- **Goal of the exercise**
Retype the material exactly, ending with the line containing "Des tables pour".

- **Exercise data**
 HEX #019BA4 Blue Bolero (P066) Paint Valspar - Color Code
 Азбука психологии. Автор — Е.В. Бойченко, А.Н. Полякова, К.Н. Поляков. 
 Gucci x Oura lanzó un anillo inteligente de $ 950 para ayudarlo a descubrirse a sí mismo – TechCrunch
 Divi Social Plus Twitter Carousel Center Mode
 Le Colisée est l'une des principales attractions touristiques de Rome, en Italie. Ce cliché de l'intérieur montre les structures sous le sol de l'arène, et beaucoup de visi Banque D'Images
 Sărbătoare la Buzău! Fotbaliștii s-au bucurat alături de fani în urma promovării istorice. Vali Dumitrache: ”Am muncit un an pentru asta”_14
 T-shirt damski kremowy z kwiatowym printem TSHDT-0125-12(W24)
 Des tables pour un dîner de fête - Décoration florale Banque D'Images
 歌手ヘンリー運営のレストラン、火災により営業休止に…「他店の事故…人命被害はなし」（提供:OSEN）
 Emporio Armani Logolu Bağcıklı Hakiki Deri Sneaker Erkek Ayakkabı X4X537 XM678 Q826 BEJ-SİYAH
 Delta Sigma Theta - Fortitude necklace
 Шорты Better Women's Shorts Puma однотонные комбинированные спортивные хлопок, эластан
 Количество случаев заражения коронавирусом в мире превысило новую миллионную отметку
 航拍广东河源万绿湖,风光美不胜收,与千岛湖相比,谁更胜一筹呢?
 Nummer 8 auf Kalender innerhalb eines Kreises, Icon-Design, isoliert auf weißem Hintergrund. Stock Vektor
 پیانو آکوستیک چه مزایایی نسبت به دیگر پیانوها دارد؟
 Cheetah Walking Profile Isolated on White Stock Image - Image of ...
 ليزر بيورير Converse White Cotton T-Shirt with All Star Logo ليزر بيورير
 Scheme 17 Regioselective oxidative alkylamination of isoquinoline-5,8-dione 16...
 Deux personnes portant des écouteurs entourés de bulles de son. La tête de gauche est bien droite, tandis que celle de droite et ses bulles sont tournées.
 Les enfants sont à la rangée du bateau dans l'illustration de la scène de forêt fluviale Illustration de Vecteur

- **Exercise result**
 HEX #019BA4 Blue Bolero (P066) Paint Valspar - Color Code
 Азбука психологии. Автор — Е.В. Бойченко, А.Н. Полякова, К.Н. Поляков. 
 Gucci x Oura lanzó un anillo inteligente de $ 950 para ayudarlo a descubrirse a sí mismo – TechCrunch
 Divi Social Plus Twitter Carousel Center Mode
 Le Colisée est l'une des principales attractions touristiques de Rome, en Italie. Ce cliché de l'intérieur montre les structures sous le sol de l'arène, et beaucoup de visi Banque D'Images
 Sărbătoare la Buzău! Fotbaliștii s-au bucurat alături de fani în urma promovării istorice. Vali Dumitrache: ”Am muncit un an pentru asta”_14
 T-shirt damski kremowy z kwiatowym printem TSHDT-0125-12(W24)
 Des tables pour un dîner de fête - Décoration florale Banque D'Images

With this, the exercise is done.